Challenge of Poverty in Central Africa: Impact of the COVID-19 Pandemic and Strategies
The first virtual regional MOST Forum of Ministers of Social Development in Central Africa was convened by UNESCO’s Management of Social Transformations (MOST) Programme, in association with the Government of Gabon, and in cooperation with the Economic Community for Central African States on “Poverty in Central Africa: Impact of the COVID-19 Pandemic and Strategies”. Its aim was to build stronger synergies in Central African countries between public policies and social science research in order to tackle the growing challenge of poverty, exacerbated by the COVID-19 pandemic, in the context of the Agenda for Sustainable Development 2030 and the African Union’s Agenda 2063.

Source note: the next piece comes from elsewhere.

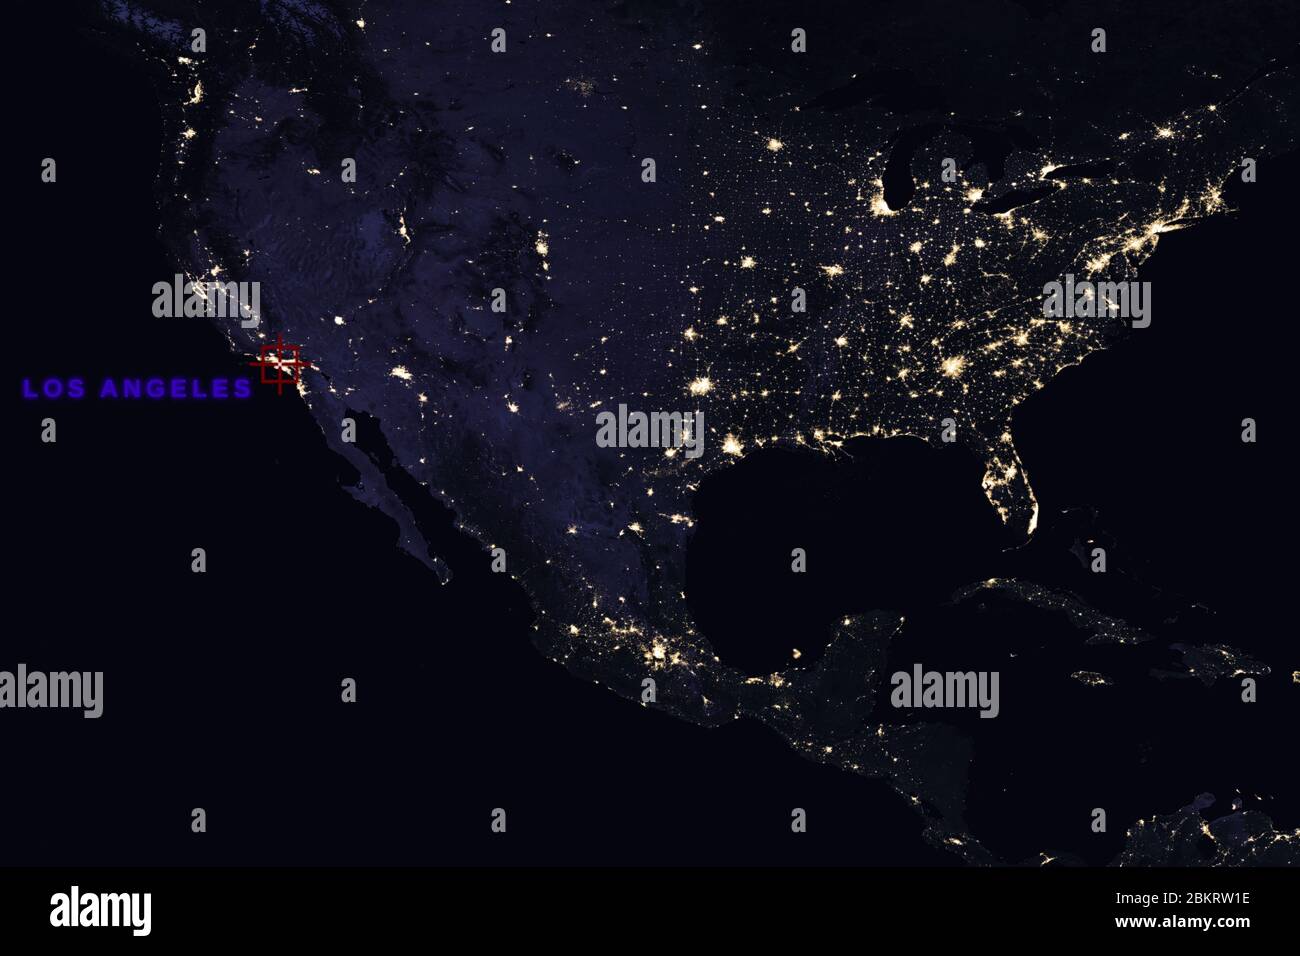 Hochauflösende Karte Zusammenstellung der USA bei Nacht, die Los Angeles, Kalifornien, zeigen - Elemente dieses Bildes, die von der NASA bereitgestellt wurden Stockfoto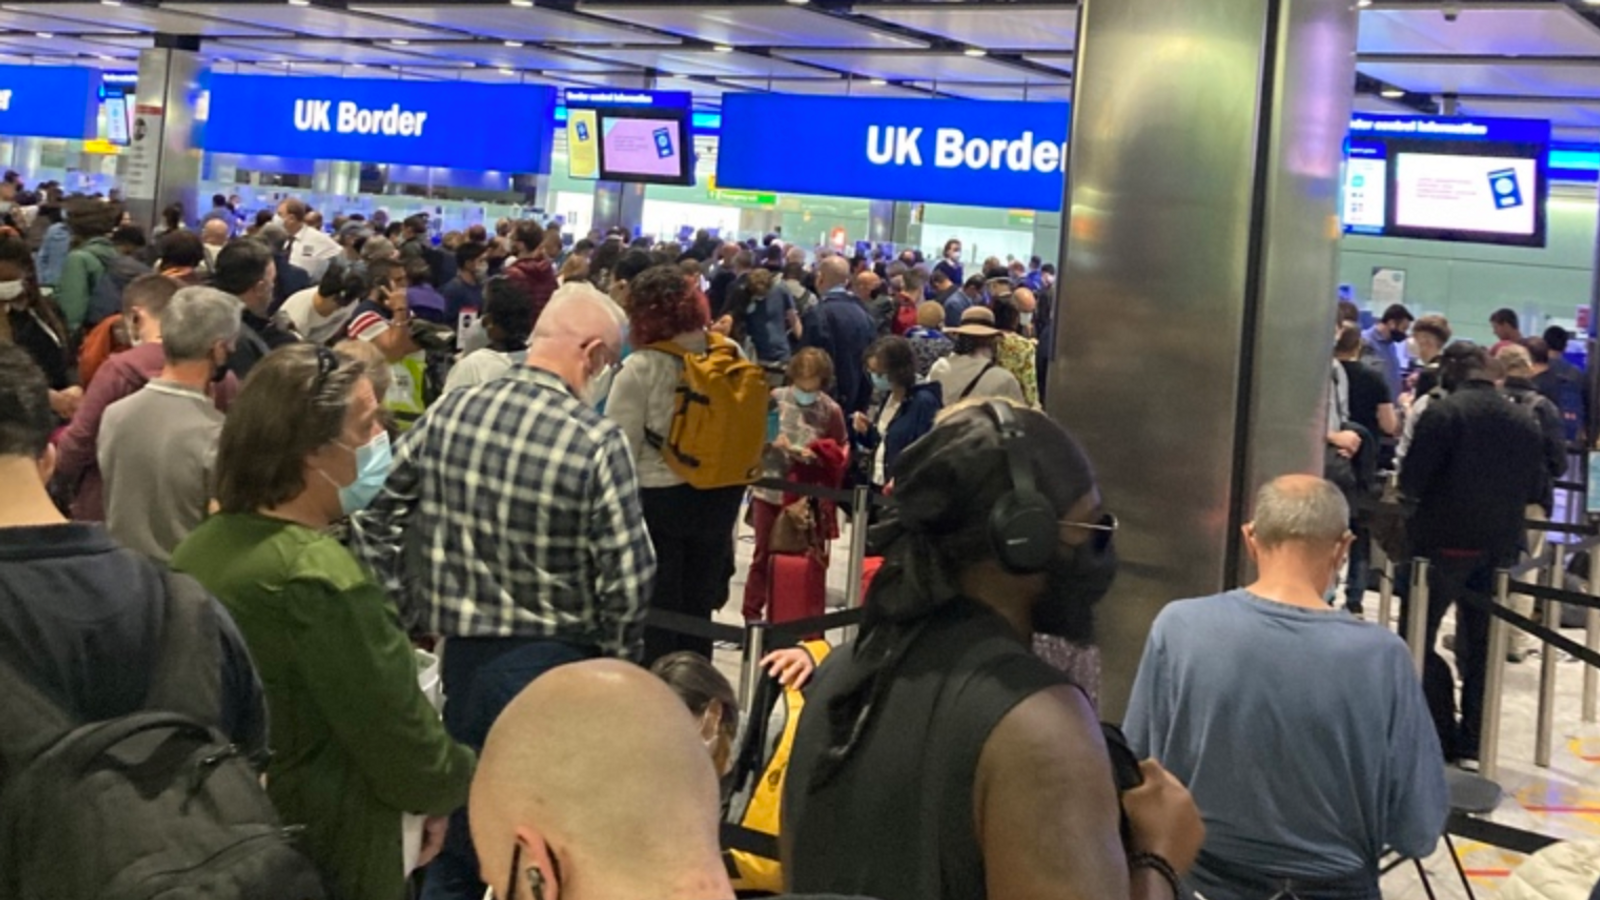 صورة للفوضى في مطار هيثرو البريطاني - صورة من شاشة شكاي نيوز

The Sub-Saharan Africa sub-region has the highest rate of people living below the poverty line in the world (55 percent in 2014 according to the Economic Commission for Africa (ECA)).
The Forum discussed in detail how COVID-19 not only significantly aggravates poverty, but also contributes to growing inequalities and social exclusion. According to the ECA, 71% of the population in Africa works in the informal sector and ministers raised the concern that, due to lockdowns and social distancing, millions of people have lost their livelihoods. This situation creates a strong need for social protection. In a report entitled “UN Framework for the immediate socio-economic response to COVID-19”, launched in April 2020, social protection is considered to be one of the five key policy responses to the pandemic.
Special emphasis was put on the need to focus on the most vulnerable: persons with disabilities; women and girls; and youth (totaling 60% of the African population). As elsewhere in the world, there is also an alarming increase in violence against women and girls due to lockdowns.
The Forum stressed that public policies need to be supported by research and data, but that there is a clear lack of this in the subregion.